Note that the following document is for Solr 9.0 ... earlier versions 
will be slightly different.

https://solr.apache.org/guide/solr/latest/indexing-guide/indexing-with-tika.html

One final note ... we STRONGLY recommend not using SolrCell in 
production.  Tika can be unstable -- some documents can cause it to 
consume huge amounts of memory, and even crash.  If Tika is running 
inside Solr when that happens, then Solr itself will suffer the 
effects.  Instead, you should run Tika in a separate process with crash 
handling, so that Solr remains operational if there is a problem with 
extraction.

Thanks,
Shawn


RE: Help with new install

Posted by jorge hernandez <jo...@carousel.nyc>.
I triple checked it and the name of the core is correct, what I don't
understand is why is it looking for the files in the core's folder when the
files are somewhere else? The post.jar command was run from the folder with
the files.


-----Original Message-----
From: Eric Pugh <ep...@opensourceconnections.com>
Sent: Thursday, July 21, 2022 3:43 PM
To: users@solr.apache.org
Subject: Re: Help with new install

Looks like your core name is wrong in your command, at least, what is coming
back in the message...

> On Jul 21, 2022, at 3:12 PM, jorge hernandez <jo...@carousel.nyc> wrote:
>
> Hello,
>
> I just downloaded solr, copied the config sets in _default to my new
> core, copied post.jar to where I have the files I want to index,
> created the new core using the web GUI, everything seems right, but when I
> ran:
>
> Java -Dauto -Dc=mynewcore -jar post.jar *.html
>
> It keeps saying:
>
> SimplePostTool: WARNING: IOException while reading response:
> java.io.FileNotFoundException:
> http://localhost:8983/solr/mynescore/update/extract?resource.name=%3cp
> ath_of_the_files>
>
> I’m new at using solr, so I’m pretty sure I missed something, can
> anybody tell me what I missed?
>
> Thanks.

_______________________
Eric Pugh | Founder & CEO | OpenSource Connections, LLC | 434.466.1467 |
http://www.opensourceconnections.com <http://www.opensourceconnections.com/>
| My Free/Busy <http://tinyurl.com/eric-cal>
Co-Author: Apache Solr Enterprise Search Server, 3rd Ed
<https://www.packtpub.com/big-data-and-business-intelligence/apache-solr-enterprise-search-server-third-edition-raw>This
e-mail and all contents, including attachments, is considered to be
Company Confidential unless explicitly stated otherwise, regardless of
whether attachments are marked as such.

Re: Help with new install

Posted by Eric Pugh <ep...@opensourceconnections.com>.
Looks like your core name is wrong in your command, at least, what is coming back in the message...

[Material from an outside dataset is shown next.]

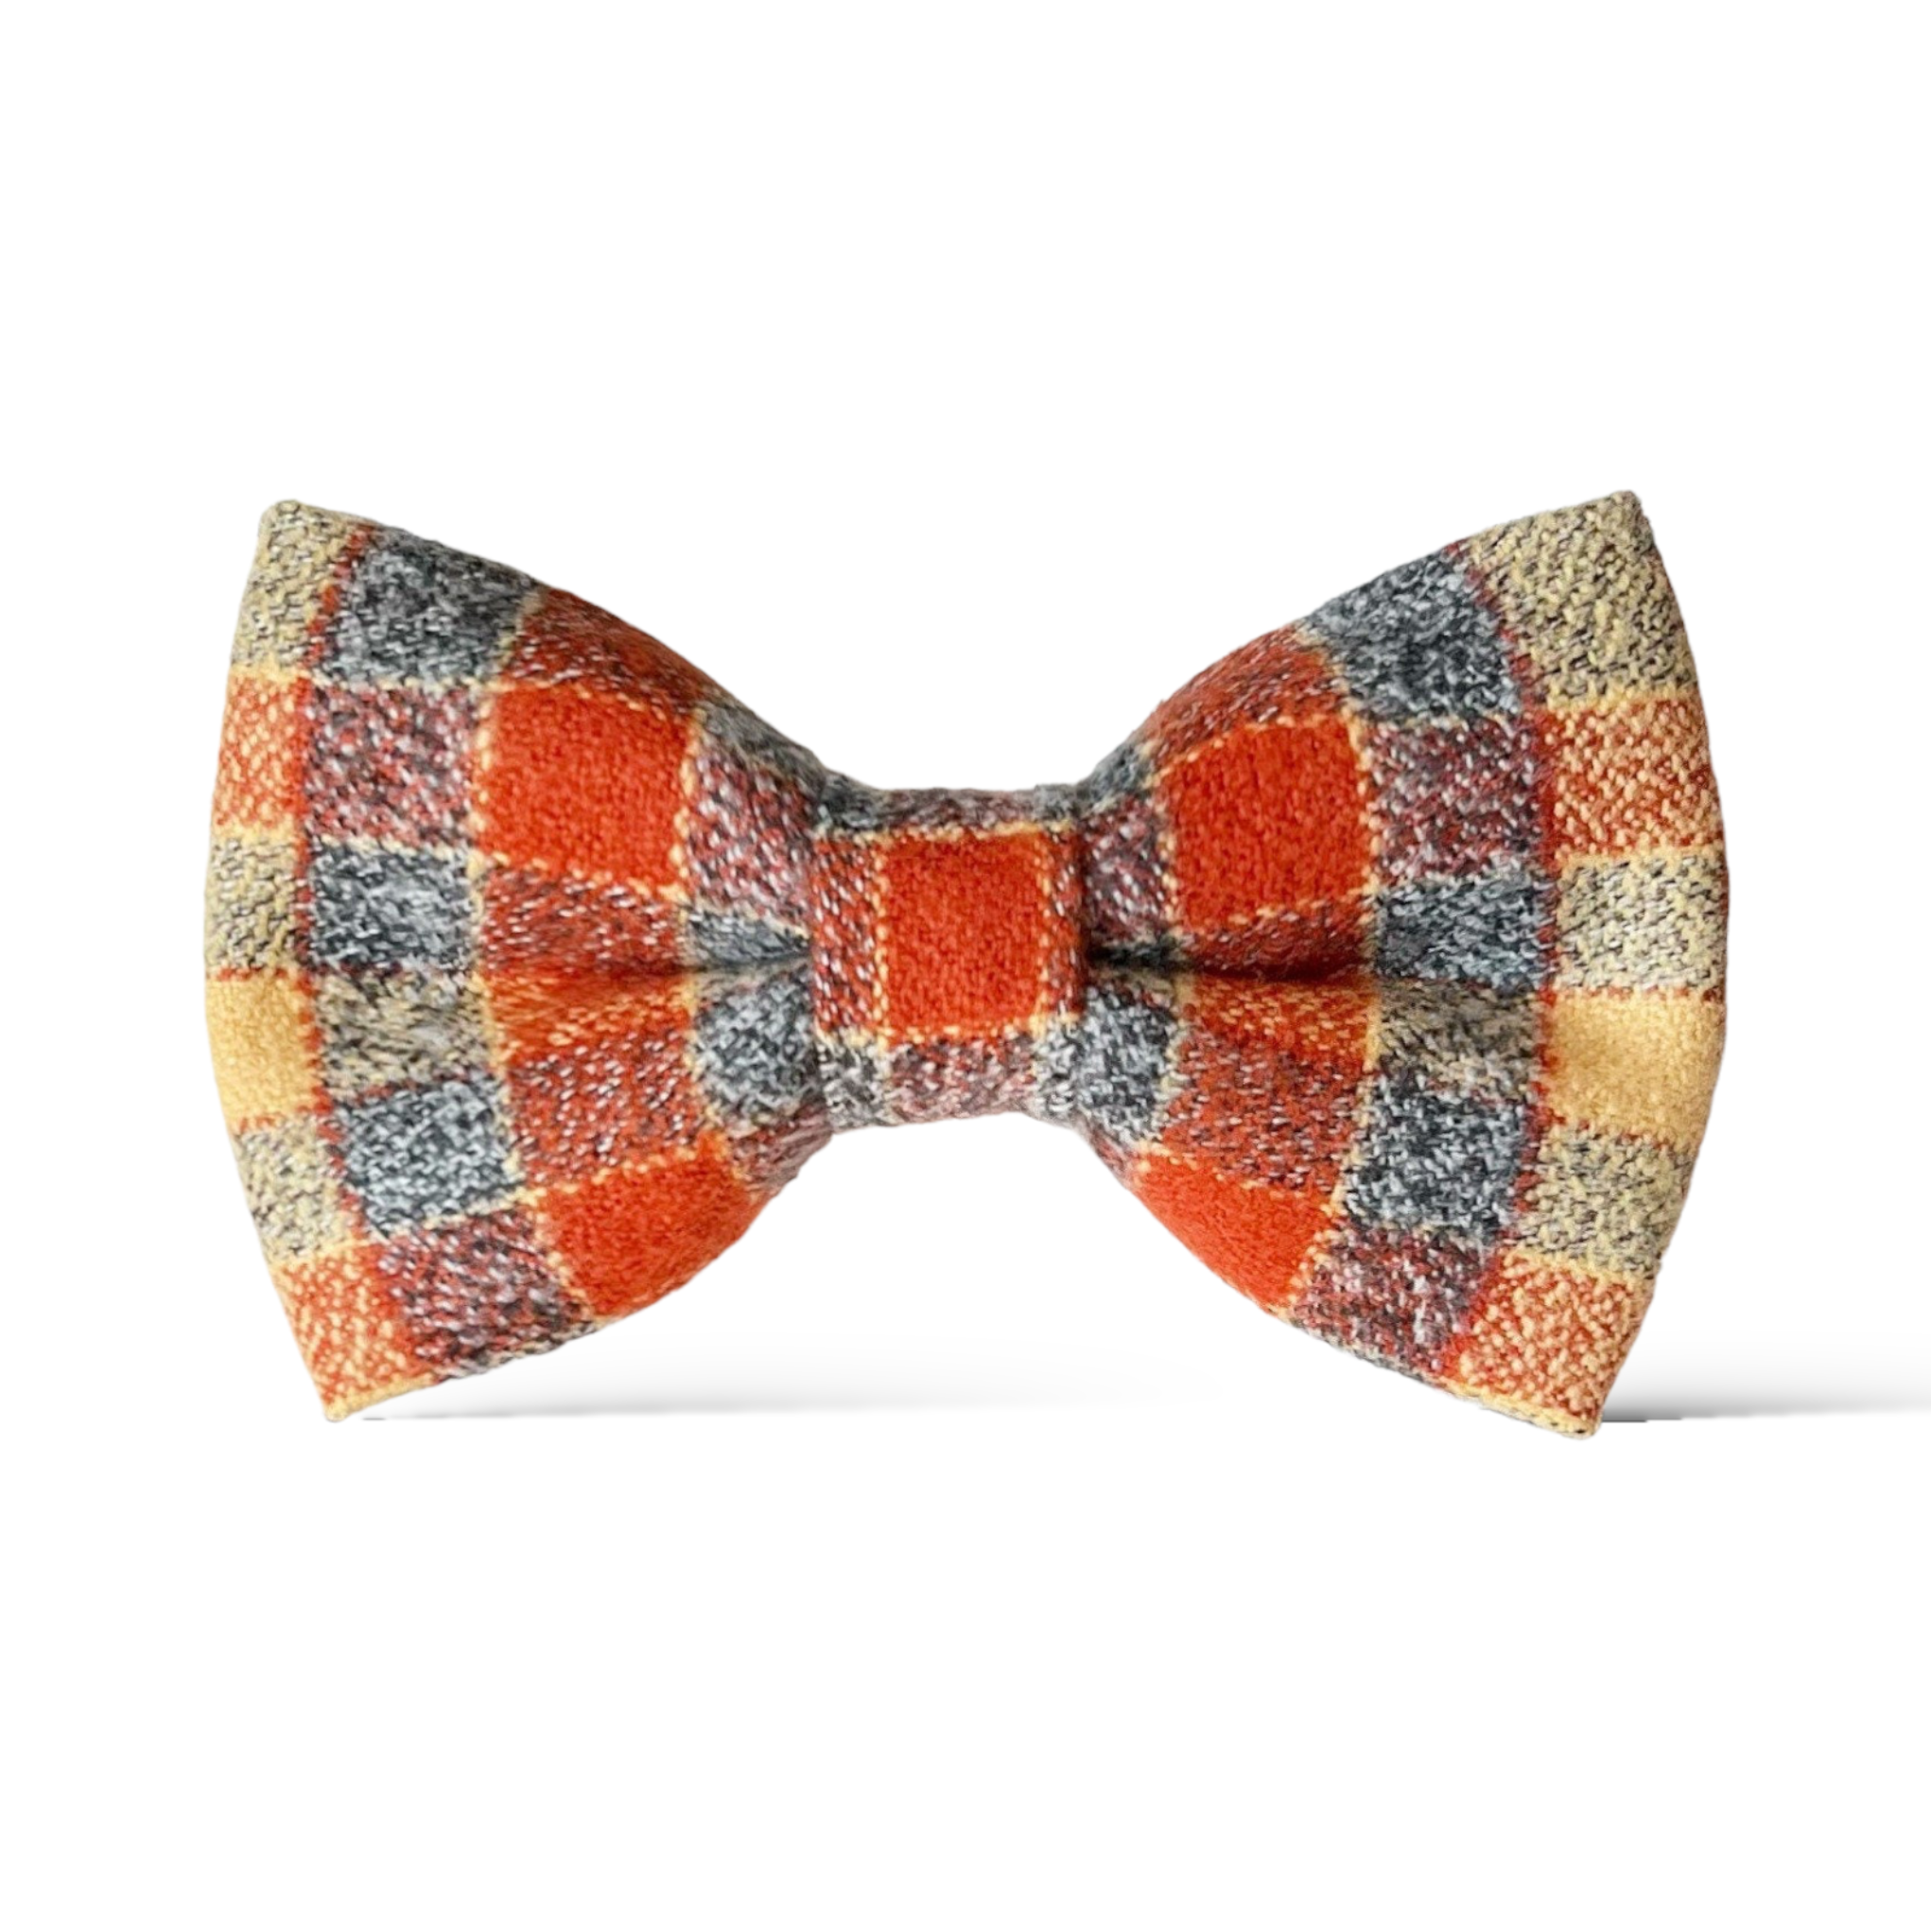 Fall Flannel Bow Tie

> On Jul 21, 2022, at 3:12 PM, jorge hernandez <jo...@carousel.nyc> wrote:
> 
> Hello,
> 
> I just downloaded solr, copied the config sets in _default to my new core,
> copied post.jar to where I have the files I want to index, created the new
> core using the web GUI, everything seems right, but when I ran:
> 
> Java -Dauto -Dc=mynewcore -jar post.jar *.html
> 
> It keeps saying:
> 
> SimplePostTool: WARNING: IOException while reading response:
> java.io.FileNotFoundException:
> http://localhost:8983/solr/mynescore/update/extract?resource.name=%3cpath_of_the_files>
> 
> I’m new at using solr, so I’m pretty sure I missed something, can anybody
> tell me what I missed?
> 
> Thanks.

_______________________
Eric Pugh | Founder & CEO | OpenSource Connections, LLC | 434.466.1467 | http://www.opensourceconnections.com <http://www.opensourceconnections.com/> | My Free/Busy <http://tinyurl.com/eric-cal>  
Co-Author: Apache Solr Enterprise Search Server, 3rd Ed <https://www.packtpub.com/big-data-and-business-intelligence/apache-solr-enterprise-search-server-third-edition-raw>	
This e-mail and all contents, including attachments, is considered to be Company Confidential unless explicitly stated otherwise, regardless of whether attachments are marked as such.